For purposes of this Agreement, the term "Person" shall mean and include
any individual, corporation, partnership, group, association or other
"person," as such term is defined in Section 3(a)(9) and as used in
Section 14(d) of the Securities Exchange Act of 1934 (the "Exchange
Act"), other than the Company, a wholly-owned subsidiary of the Company
or any employee benefit plan(s) sponsored by the Company or a subsidiary
of the Company.
2. Term of Agreement.
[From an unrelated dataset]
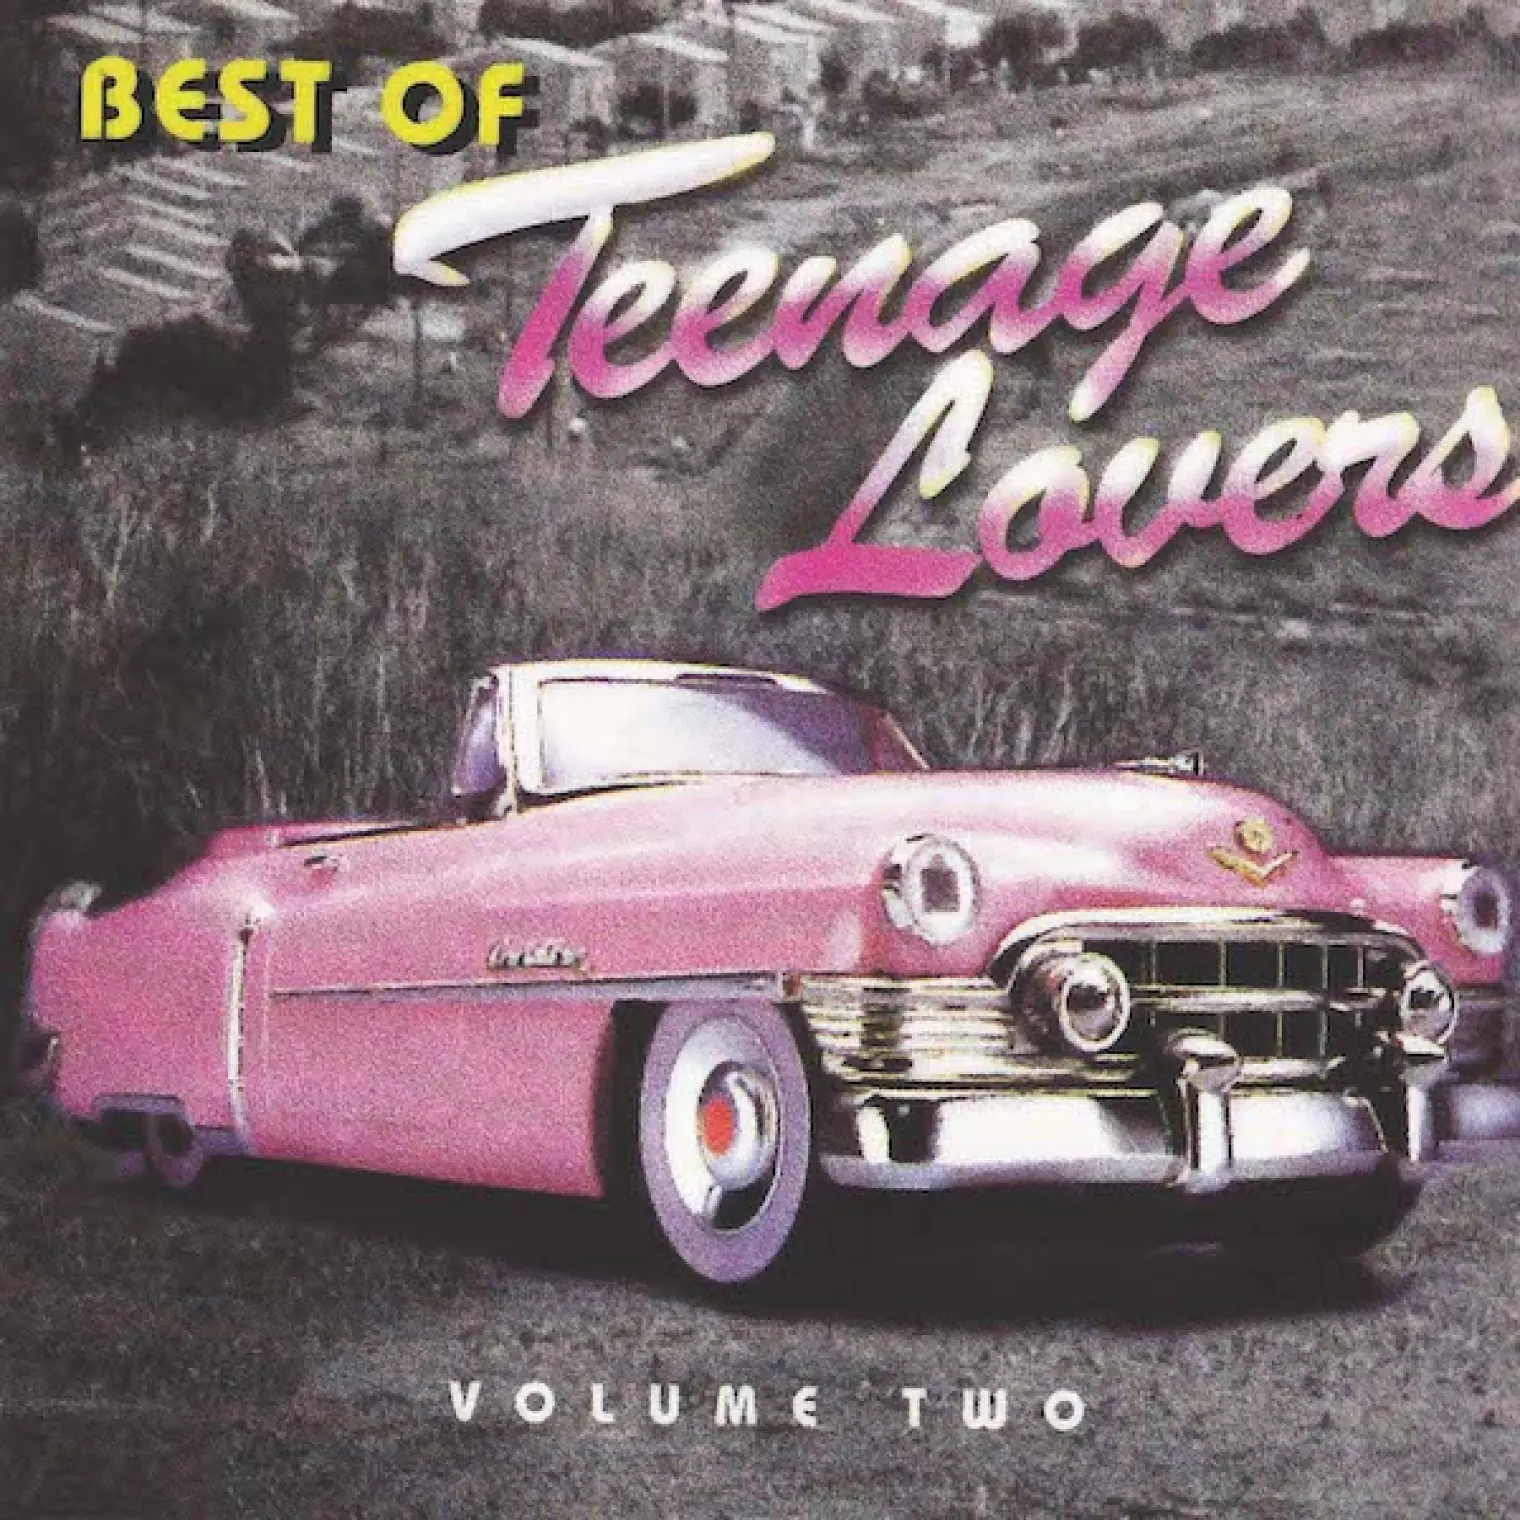 The Best Of Vol 2 -  Teenage Lovers

This Agreement shall commence on the date
hereof and shall continue in effect until February 28, 2004; provided, however,
that this Agreement shall continue in effect for a period of twenty-four (24)
months after a change in control of the Company, as defined in Section 3 hereof,
if such change in control shall have occurred during the term of this Agreement.
Notwithstanding anything in this Section 2 to the contrary, this Agreement shall
terminate if you or the Company terminates your employment prior to a change in
control of the Company as provided in Section 1 (i) above.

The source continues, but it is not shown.